RESCATAN A MADRE QUE ERA OBLIGADA A PROSTITUIRSE

 

PRECINTO56-Hasta hace poco más de un año vivió en La Plata, hasta que se separó de su concubino y, junto a su pequeño hijo, partió hacia Ayacucho. Allí se radicó con su padre, pero hace 15 días el hombre se quedó sin casa y esta jovencita de 21 años regresó a la ciudad de las diagonales.

Retomó el contacto con su excuñada y comenzó a buscar trabajo, sin imaginar que ese simple acto iba a colocarla en una situación de extremo peligro. En definitiva, ayer la rescataron de una casa de Pablo Nogués, donde la mantuvieron cautiva y obligaron a prostituirse “luego de quitarle el nene”, informó una fuente policial. Por el caso hay una mujer detenida.

Los primeros en tomar conocimiento de esta historia fueron los detectives del Gabinete de Delitos Sexuales de la DDI La Plata, a donde el lunes pasado se presentó una joven de 26 años, para exponer lo que sucedía con su hermana de 21. Contó que hasta junio de 2011 la chica vivió en nuestra ciudad con su pareja y el hijo de ambos -ahora de 2 años-; que se mudó al interior de la provincia y que volvió hace dos semanas, quedándose en la casa de la denunciante durante tres días. 

La joven relató que en ese lapso la víctima “se comunicaba telefónicamente con la hermana de su expareja”, quien vive en Hernández y la convenció de que “le llevara al nene para poder verlo”. 

La jovencita accedió y el 18 o 19 de octubre (la denunciante no pudo precisar la fecha) fue a visitar a su excuñada.
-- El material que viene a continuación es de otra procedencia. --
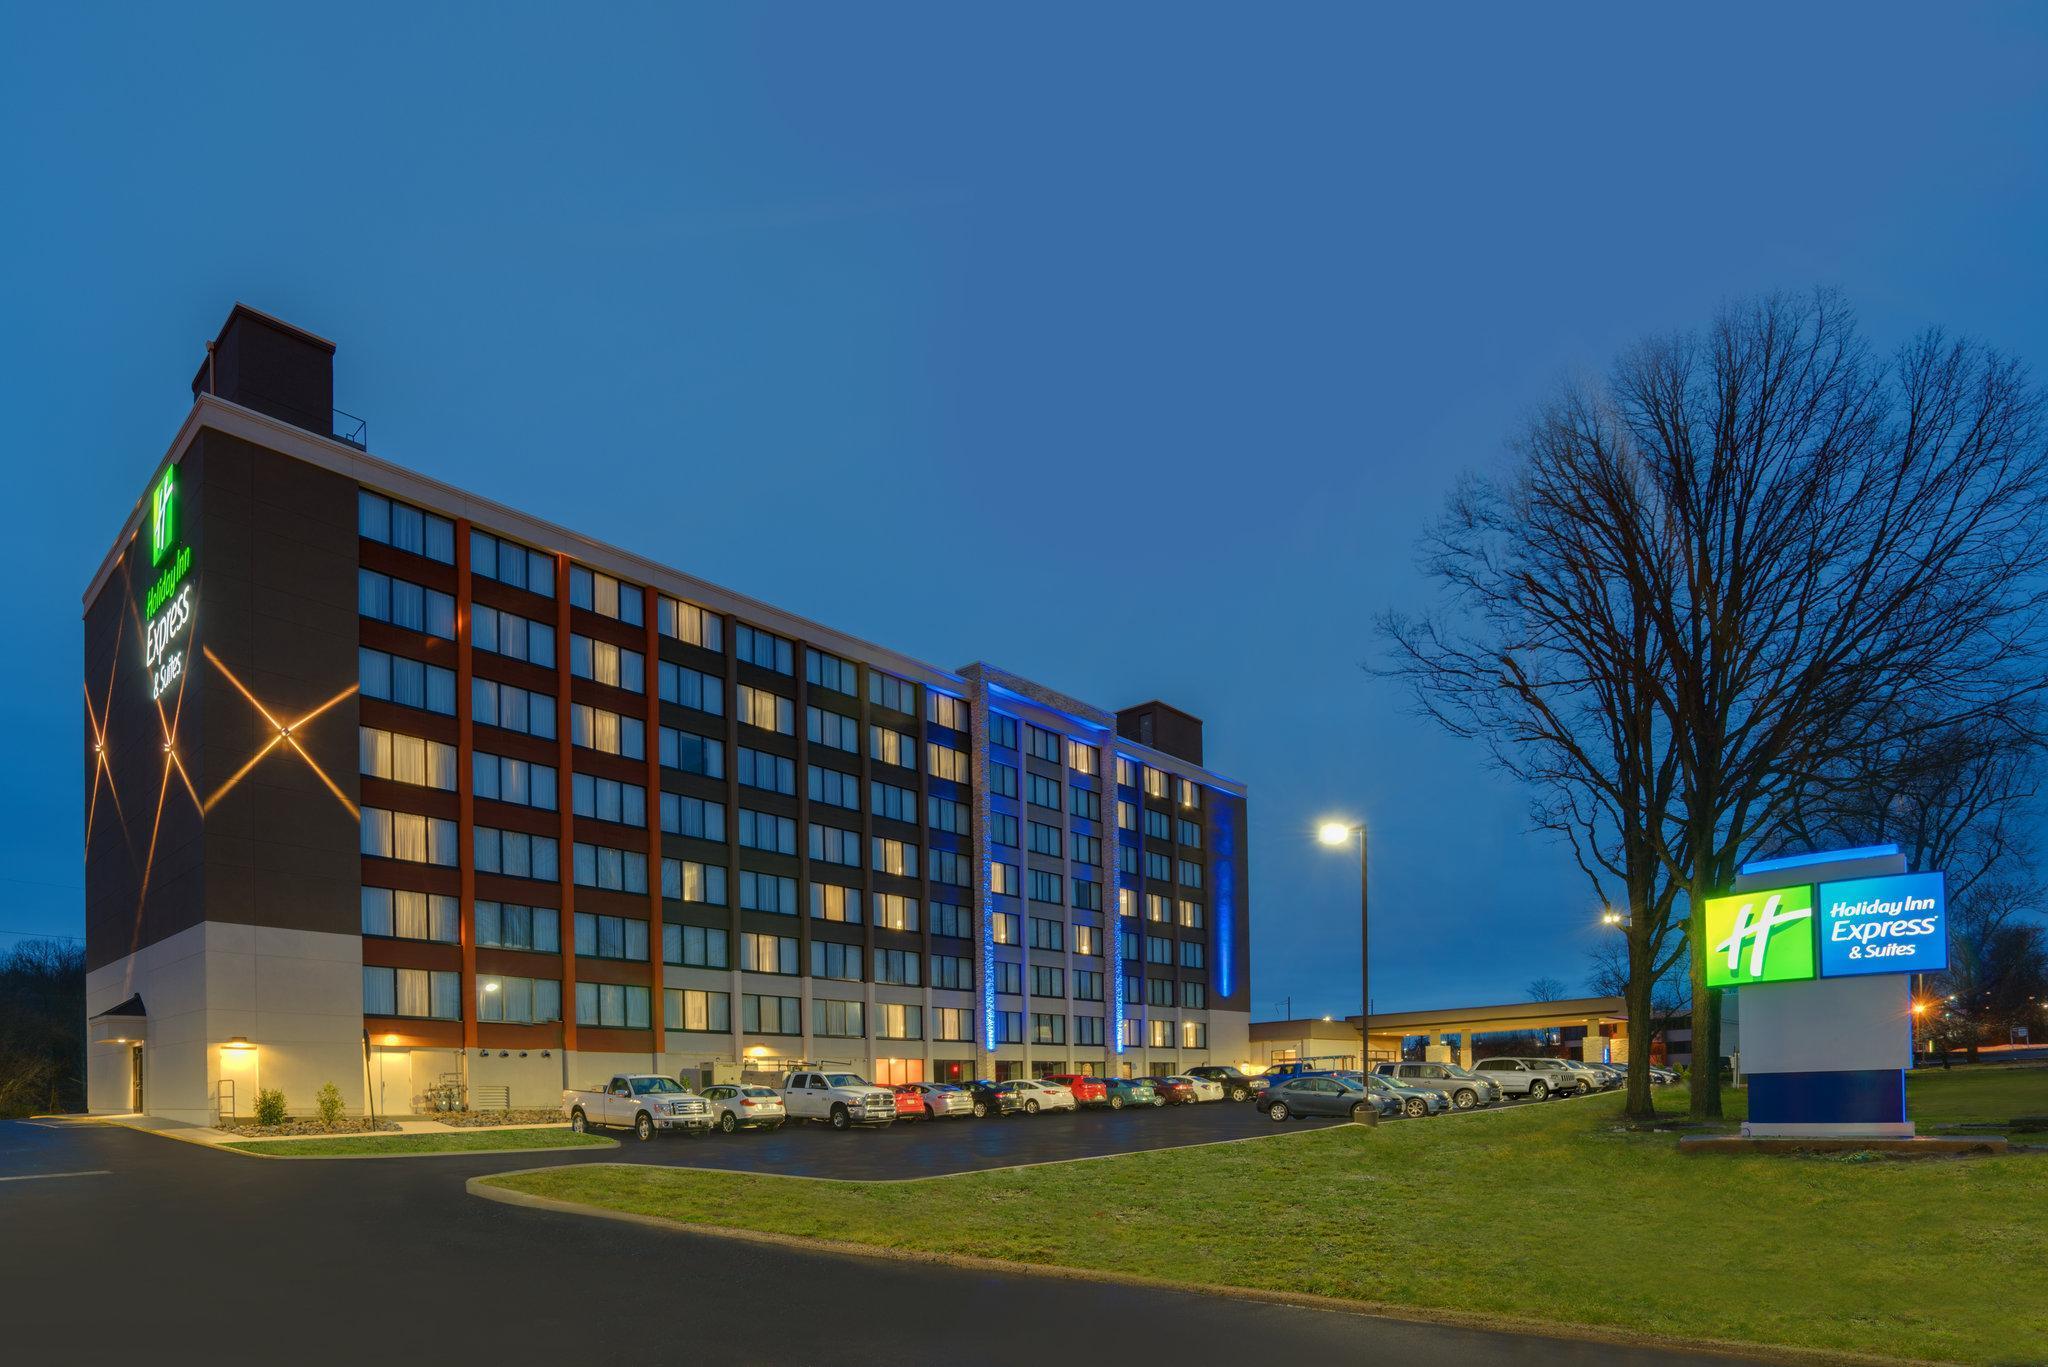 Holiday Inn Express & Suites Ft. Washington   Philadelphia

Desde ese momento la hermana perdió todo contacto con ella, hasta que el 26 de octubre supo que estaba viviendo con esa mujer. La luz de alerta se encendió el lunes, cuando estando la denunciante en la casa de su abuela la víctima llamó por teléfono y, completamente angustiada, le contó que había ido a Capital Federal por un “trabajo para cuidar niños que le había conseguido su cuñada”. Quebrándose, terminó por revelar que apenas llegó le quitaron a su hijito y “la hicieron trabajar con hombres”. 

Luego le rogó que la fueran a buscar y aclaró que actualmente estaba cuidando los niños de otras “chicas que trabajaban en el lugar”.

La hermana le pidió precisiones acerca del sitio en cuestión, al que la víctima describió como un “lugar raro, del que entraba y salía gente y estaba frente a un boliche llamado Zeus”.

Luego detalló que era una casa de dos pisos, color verde y ubicada a seis cuadras de la Panamericana. Y cortó la comunicación.

Los detectives intentaron comunicarse con el número desde el que llamó la chica, pero tras varios intentos de recibir como toda respuesta que allí no vivía nadie con el nombre de la víctima, pudieron tomar contacto con ella.

La joven confirmó que no la dejaban salir de esa propiedad y que el teléfono desde el que llamó era de una de las chicas. Aseguró que estaba junto a su hijo y que había llegado allí por su cuñada, quien concurría “los sábados, para cobrar”.

De inmediato se le dio intervención al fiscal Alvaro Garganta y éste se contactó con su par a cargo de la UFI que instruye en causas por delitos conectados con la trata de personas, Fernando Cartasegna. Ambos ordenaron que ayer mismo un grupo de la DDI se trasladara a la zona indicada por la víctima para identificar la casa y rescatarla. El sitio en cuestión estaba en la localidad de Pablo Nogués, donde irrumpieron los investigadores y encontraron a la víctima y a su hijo.

“En esa casa llevaban a los clientes las jóvenes que se prostituían en el local nocturno Zeus, ubicado enfrente”, dijo una alta fuente con acceso al expediente. 

En el procedimiento fue aprehendida una mujer de nacionalidad paraguaya acusada de ser quien mantenía cautiva a la víctima y se secuestraron preservativos y teléfonos celulares.